Fue hasta una estantería de la pared y cogió un ejemplar, que nos mostró ufano. Lo reconocí enseguida. Era el Despertador de Cathalunya per desterro de la ignorancia, antídoto contra la malicia, foment a la paciencia, tremet a la pusil.lanimitat en publich manifest de las lleys y privilegis de Cathalunya, 1713. La cosa iba en serio. Antes de que Valentí nos expusiera los pasos que pensaba dar la comisión de oficios y profesiones de Barcelona para iniciar un manifiesto contra la política del Gobierno, echamos mano de argumentos para defender la honra y provecho de las profesiones humanas, cualesquiera que fuesen. Pensé en lo que había dicho mi admirado Feijoo sobre el asunto y así lo recordé.

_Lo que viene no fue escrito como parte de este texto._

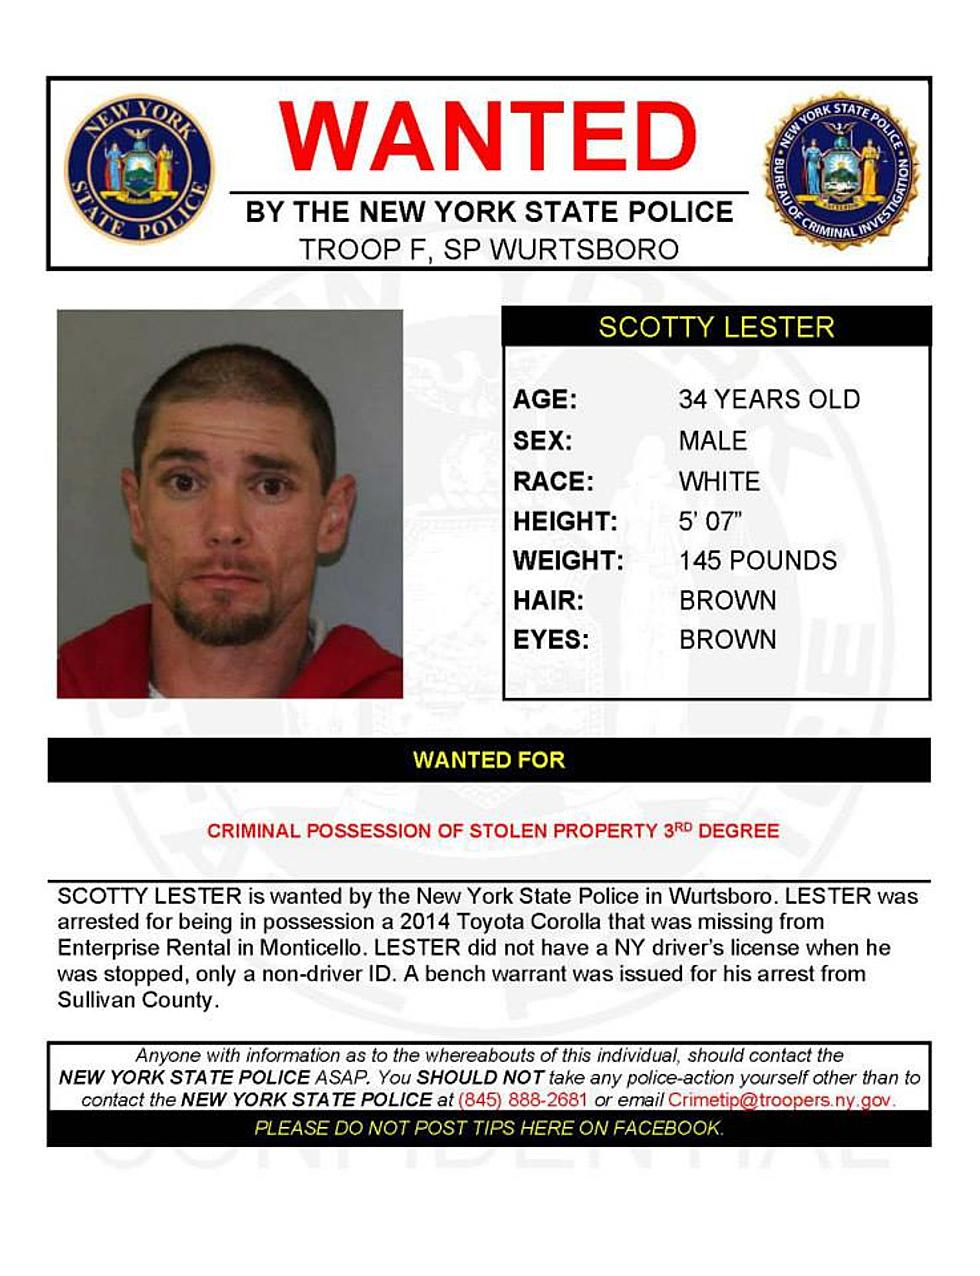 Warrant Wednesday: Wurtsboro Man Wanted by New York State Police

--El fraile dejó escrito que si los hombres se conviniesen en hacer el aprecio justo de los oficios o ministerios humanos, apenas habría lugar a distinguir en ellos, como atributos separables, la Honra y el Provecho. Miradas las cosas a la luz de la razón, lo más útil al público es lo más honorable, y tanto más honorable cuanto más útil. Tanto en los oficios como en los sujetos, el aprecio o desprecio debe reglarse por su conducencia o incoducencia para el servicio de Dios, en primer lugar, y en segundo, de la República.
Valentí asintió.
--Ese benedictino es un sabio. Lo que dice está lleno de sentido común, es oportuno e inteligente. También dice en ese mismo discurso que cultivar la tierra fue la primera ocupación y el primer oficio del hombre, y se pregunta: “¿Hay hoy gente más infeliz que los pobres labradores?” Tiene razón y si no, que se lo pregunten a mi padre.
Ortega dijo:
--Y ahora esa infelicidad se ha extendido a los gremios y oficios urbanos. El fraile gallego tiene razón, como decís, pero creo que peca de ingenuo y cree demasiado en la buena actitud de la gente y su bonhomía para entenderse. Y a la vista está que no es así. Siempre habrá quienes quieran vivir a costa del trabajo y esfuerzo de los otros. Y eso hay que denunciarlo a los cuatro vientos.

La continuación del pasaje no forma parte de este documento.